LAS VEGAS – Vice President Mike Pence on Friday forcefully condemned a string of anti-Semitic acts of vandalism across the country, telling a group of powerful Jewish Republicans that such acts had “no place” in the country.
“Let me be very clear: We condemn these acts of vandalism and the people that perpetrated these acts in the strongest possible terms,” Pence told a Republican Jewish Coalition gathering here. “Hatred and anti-Semitism have no place in American society.”
Pence’s remarks come at a time of growing unease among many Jewish Americans, who have witnessed numerous acts of anti-Semitism in recent months. The vice president addressed the gathering just days after he visited a Jewish cemetery outside of St. Louis that had been desecrated.
While Pence has spoken out against vandalism, President Donald Trump has been far quieter on the matter – something that has drawn criticism from members of both parties. During a visit to the National Museum of African-American History and Culture this week, however, Trump offered his most forceful words on the subject yet, saying that “the anti-Semitic threats targeting our Jewish community and community centers are horrible and are painful and a very sad reminder of the work that still must be done to root out hate and prejudice and evil.”
Pence ventured here to speak before a conservative organization that is heavily funded by casino mogul Sheldon Adelson, a prolific Republican Party contributor who spent tens of millions of dollars in support of Trump’s campaign. While Pence spoke, Adelson and his wife, Miriam, sat at a front-row table.
Addressing a topic on the minds of many, Pence reaffirmed that the U.S. would vigorously support Israel’s national security – yet he declined to say whether any accord would necessitate the creation of a Palestinian state.
“President Trump is personally invested in forging a lasting peace in the Israeli-Palestinian conflict,” he said. “Under President Trump, let me assure you: America will support the negotiation process, but as the president said, any agreement must be reached by both sides.
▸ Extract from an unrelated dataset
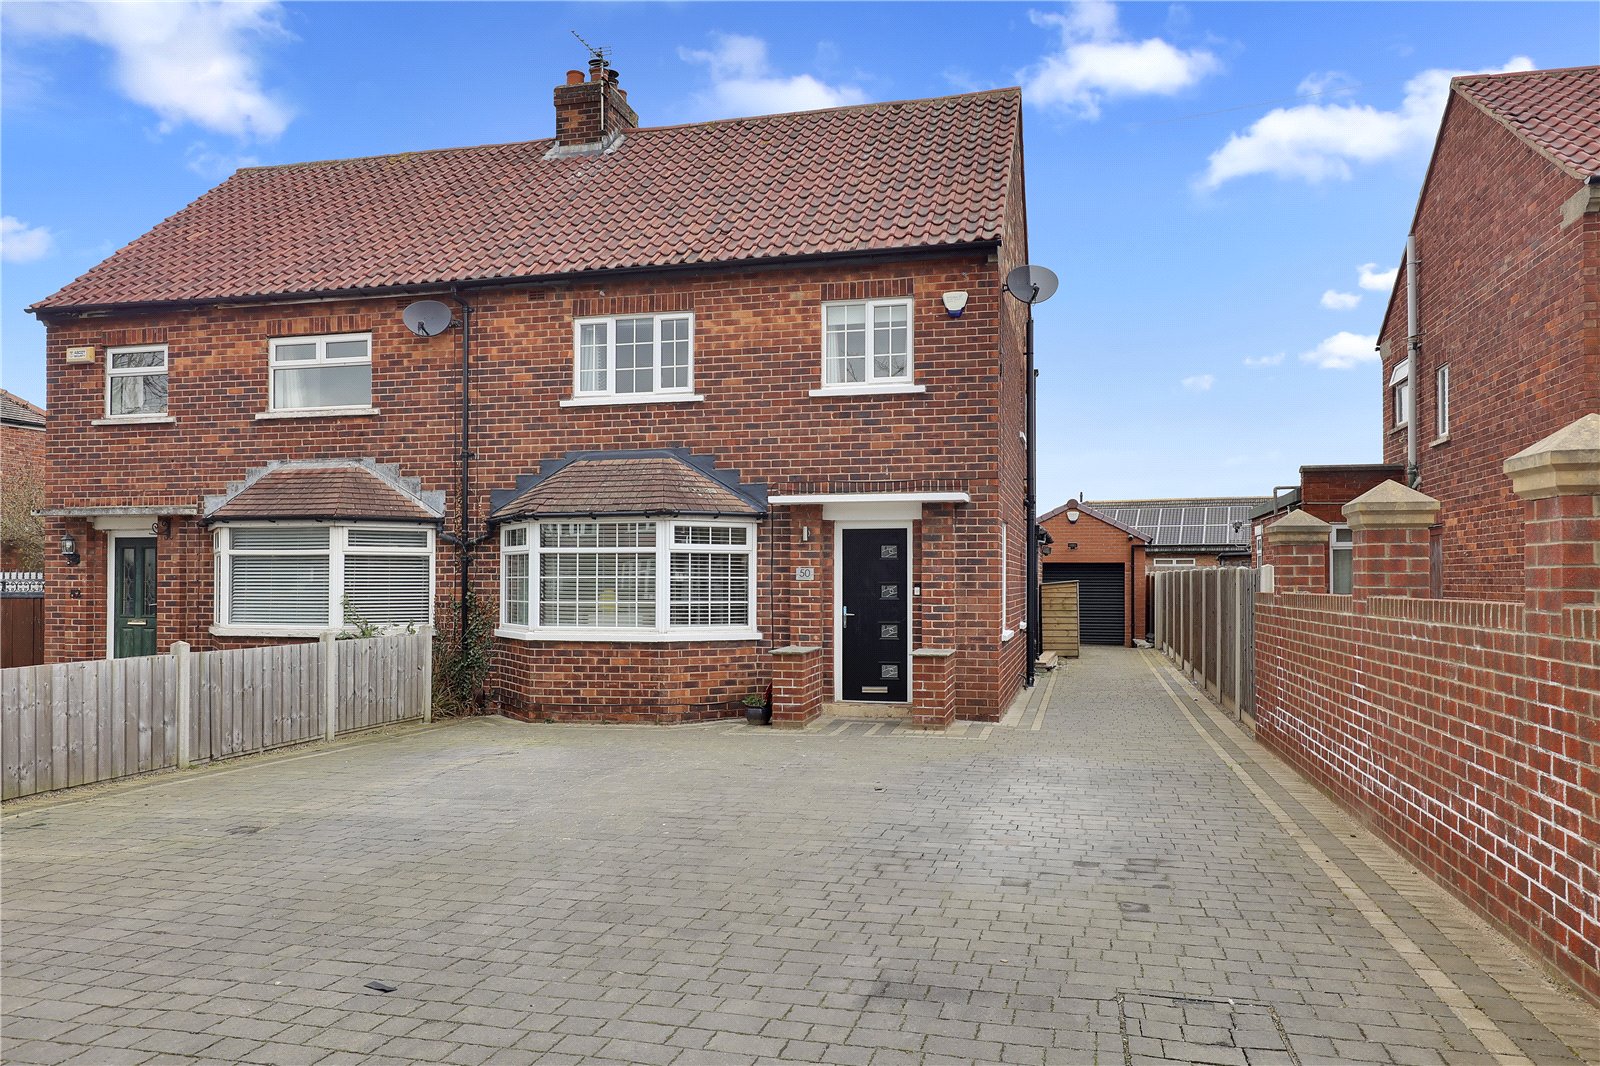 3 bed house for sale in Gunnergate Lane, Marton  - Property Image 1

“While there will undoubtedly have to be compromises, know this: The Trump administration will never compromise the safety and security of the Jewish state of Israel,” he added.
His remarks come at a time of growing confusion about the Trump administration’s approach to a peace process, which the president has vowed to renew. Appearing with Israeli Prime Minister Benjamin Netanyahu last week, Trump said that he was examining either a one-state solution or a two-state solution, but that he hadn’t reached any conclusions. “I like the one that both parties like. I’m very happy with the one that both parties like,” he said. “I can live with either one.”
The president’s remarks represented a break from the long-held view in foreign policy circles that a successful peace accord would require the establishment of two states.
In an interview with Reuters earlier this week, Trump broached the Middle East question again – this time stating that he liked the idea of a two-state solution, but that “I ultimately like what the both parties like.”
In his speech on Friday evening, Pence appeared to be echoing Trump’s approach of not articulating whether an agreement should include the creation of a Palestinian state, and instead letting the Israelis and Palestinians reach that decision on their own. The vice president said he spoke about the peace process earlier in the day with Adelson.
Pence declined to address another key question: Whether the administration would move the U.S. embassy from Tel Aviv to Jerusalem, something that the president promised while campaigning but has yet to do. The vice president would only say the administration was still “assessing” the matter.
Pence was introduced by former Vice President Dick Cheney, who is also attending the annual conference. The two briefly met privately earlier in the evening.